Indian Creek to Lower Buckhorn Camp
Land of Little Rain
Hike: Along Indian Creek to Lower Buckhorn Camp near the Dick Smith Wilderness
Mileage: 10.6 mile strenuous roundtrip on Lower Buckhorn Trail [27W12], turning into Indian Creek Trail [26W08]
Time: About 6 hours. Little elevation gain or loss. Fine for hardy children at least eight years old.
Maps: B. Conant’s Matilija and Dick Smith Wilderness, and the U.S. Geological Survey 15’ topo map Little Pine Mountain.

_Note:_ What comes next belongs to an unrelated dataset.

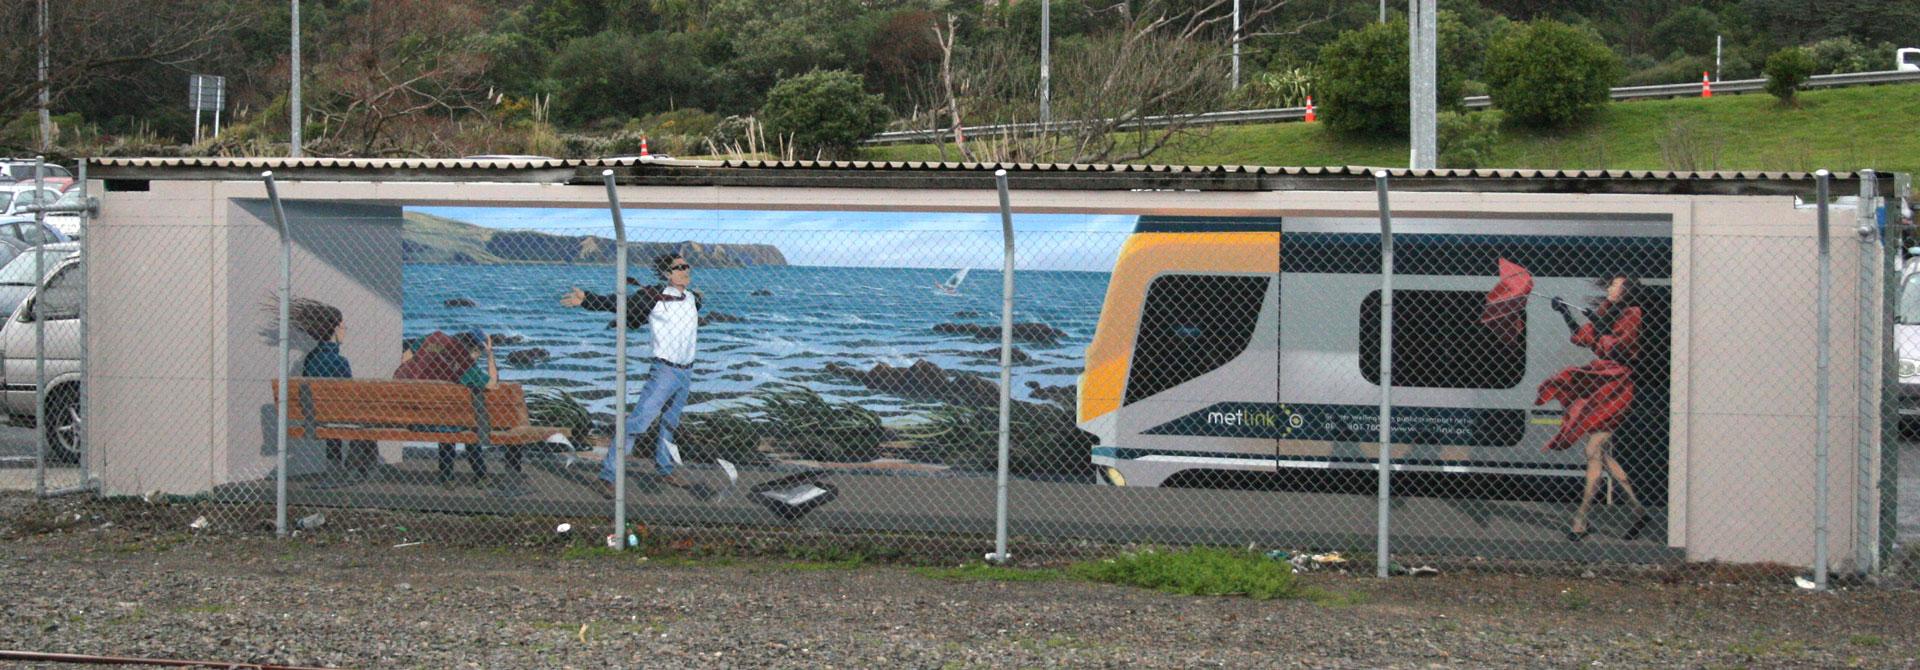 porirua-station-1920x670 Illusion murals

As summer swiftly approaches, the looming sun lashes the Santa Barbara backcountry. On this strenuous 10-mile dayhike into Indian Canyon, my colleague and I witnessed dying masses of colorful wildflowers and frantic lizards scuttling from rock to rock. If you undertake this rigorous foray skirting the Dick Smith Wilderness boundary you’ll understand why Mary Austin called an area like this Land of Little Rain, the title of her famous 1901 book.
The U.S. Forest Service Indian Creek Trail officially ends at Indian Creek Camp, 8.2 miles from where your vehicle will be parked, at the Mono Creek Gate Trailhead (see below for driving directions). Once you exit your car and step around the gate at the trailhead, which is locked to prevent cars from going further, you are on the eastern end of the graded Romero-Camuesa Road.
You quickly cross a few cement aprons spanning Mono and Indian Creeks, both tributaries to the nearby Santa Ynez River (and both completely dry on April 26). Do not attempt this dayhike (or backpack) after heavy winter rains.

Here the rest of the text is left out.